Does voice recognition work? If it’s implemented correctly then it can have major benefits. It’s a technology which is improving all the time but there is still margin for error. Its success depends on multiple factors – user’s voice, the way they speak, the local environment and background noise. It relies heavily on the accuracy of the person dictating and making sure they’re carefully check their work afterwards and doctors are not well known for doing this. Tiny differences in the sound of certain words, such as hypo and hyper, can have a significant impact if not picked up correctly. However, while it doesn’t suit everyone, there are examples where it’s working well.

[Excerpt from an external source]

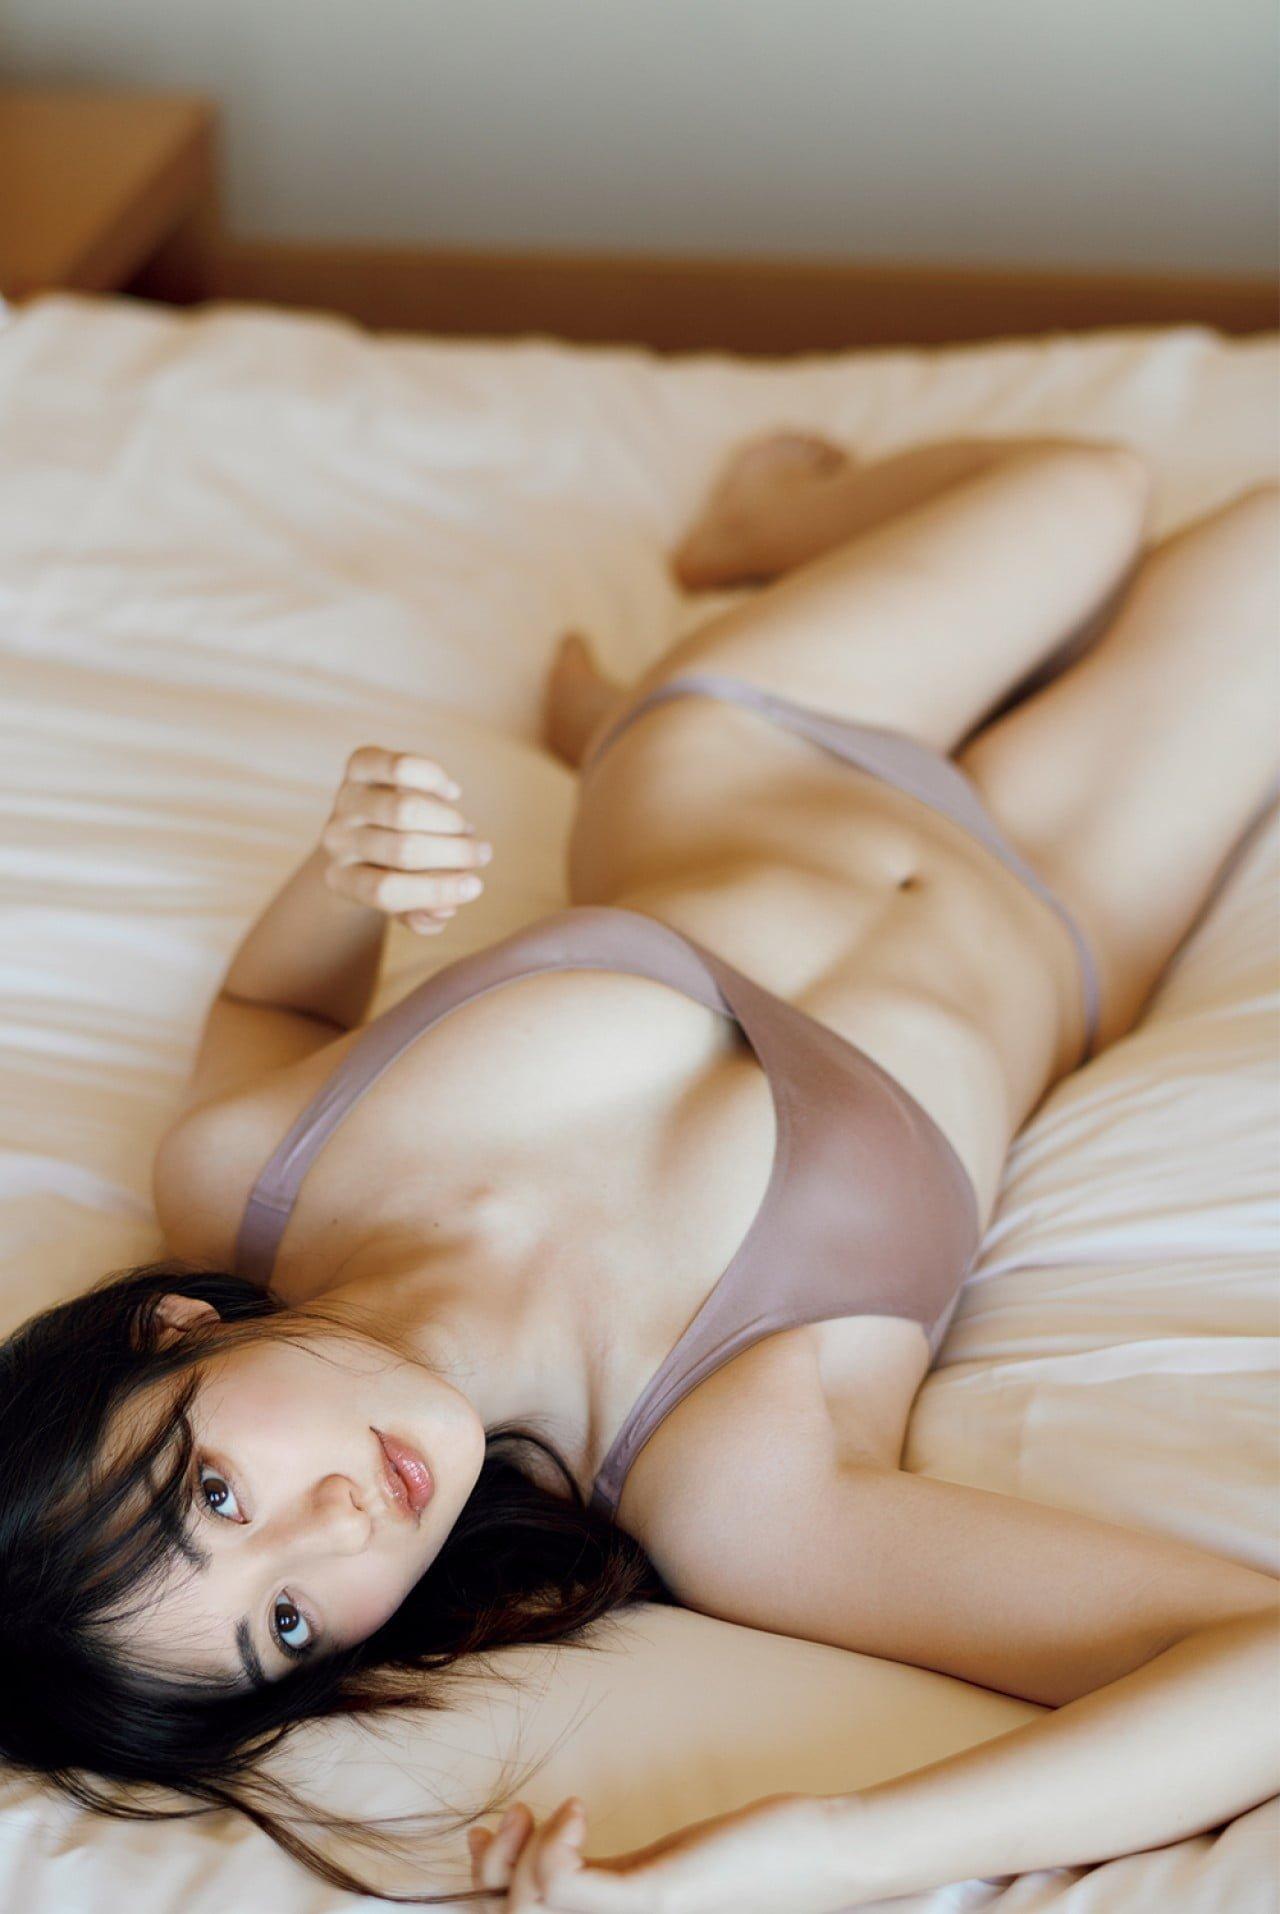 グラビアアイドル写真集|大人の美ボディにますます磨きがかかった奥山かずさグラドル画像まとめ その3125枚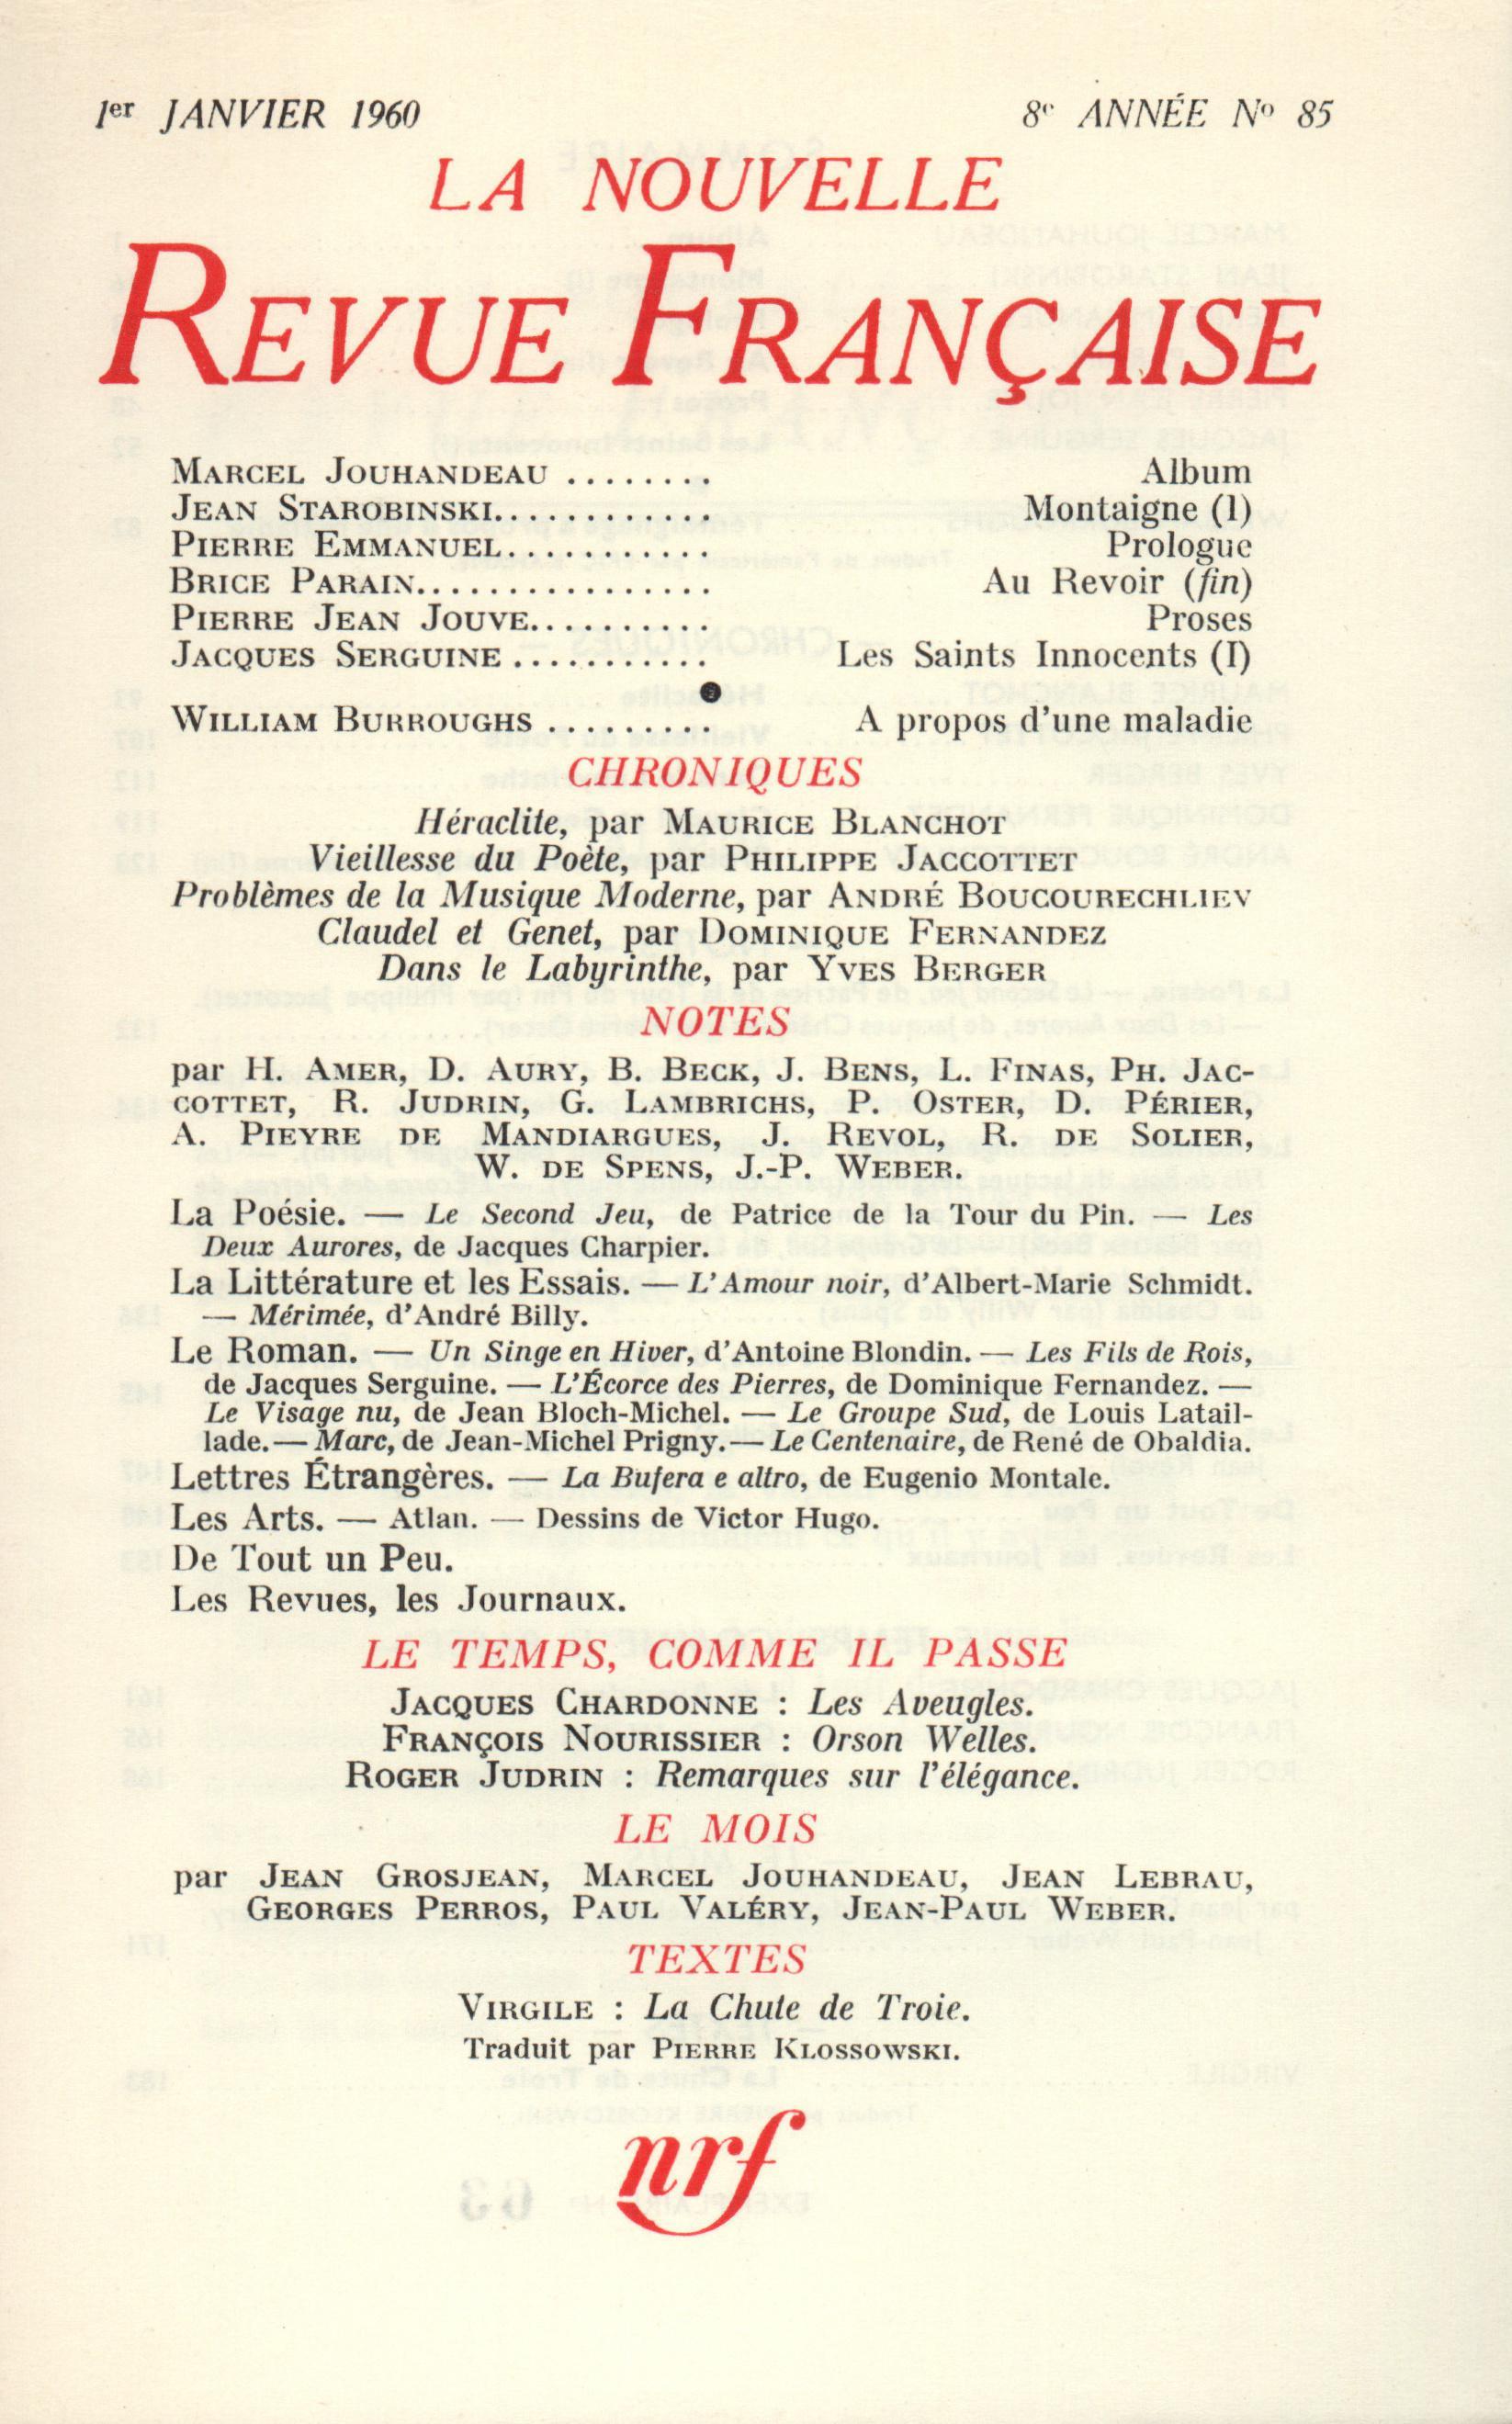 La Nouvelle Revue Française N' 85 (Janvier 1960)

What are the issues with using email to support consultations? There are real issues with security using emails. Secure messaging systems are far safer but you can’t attach images as yet – that’s something that may be being addressed. See an example of secure messaging service at the Haughton Thornley Medical Centres

Is there a plan for systems to talk to each other better? There needs to be much more integration between suppliers. This is an ongoing challenge and something we work hard to overcome (see https://www.lexacom.co.uk/our-products/lexacom-3/clinical-integration/)  There was discussion about working with all partners to help improve integration for example building links with pharmacies. Dr Shaun O’Hanlon highlighted that pharmacists are great untapped resource in healthcare – CCG’s need to include them in service redesign and managed care.

See the follow up discussion on twitter between @amirhannan and @drshaun

We would like to say a special thank you to our panel members and to the Chair, Steve Brown. Also thank you to the delegates who battled through the tube strikes to attend the event!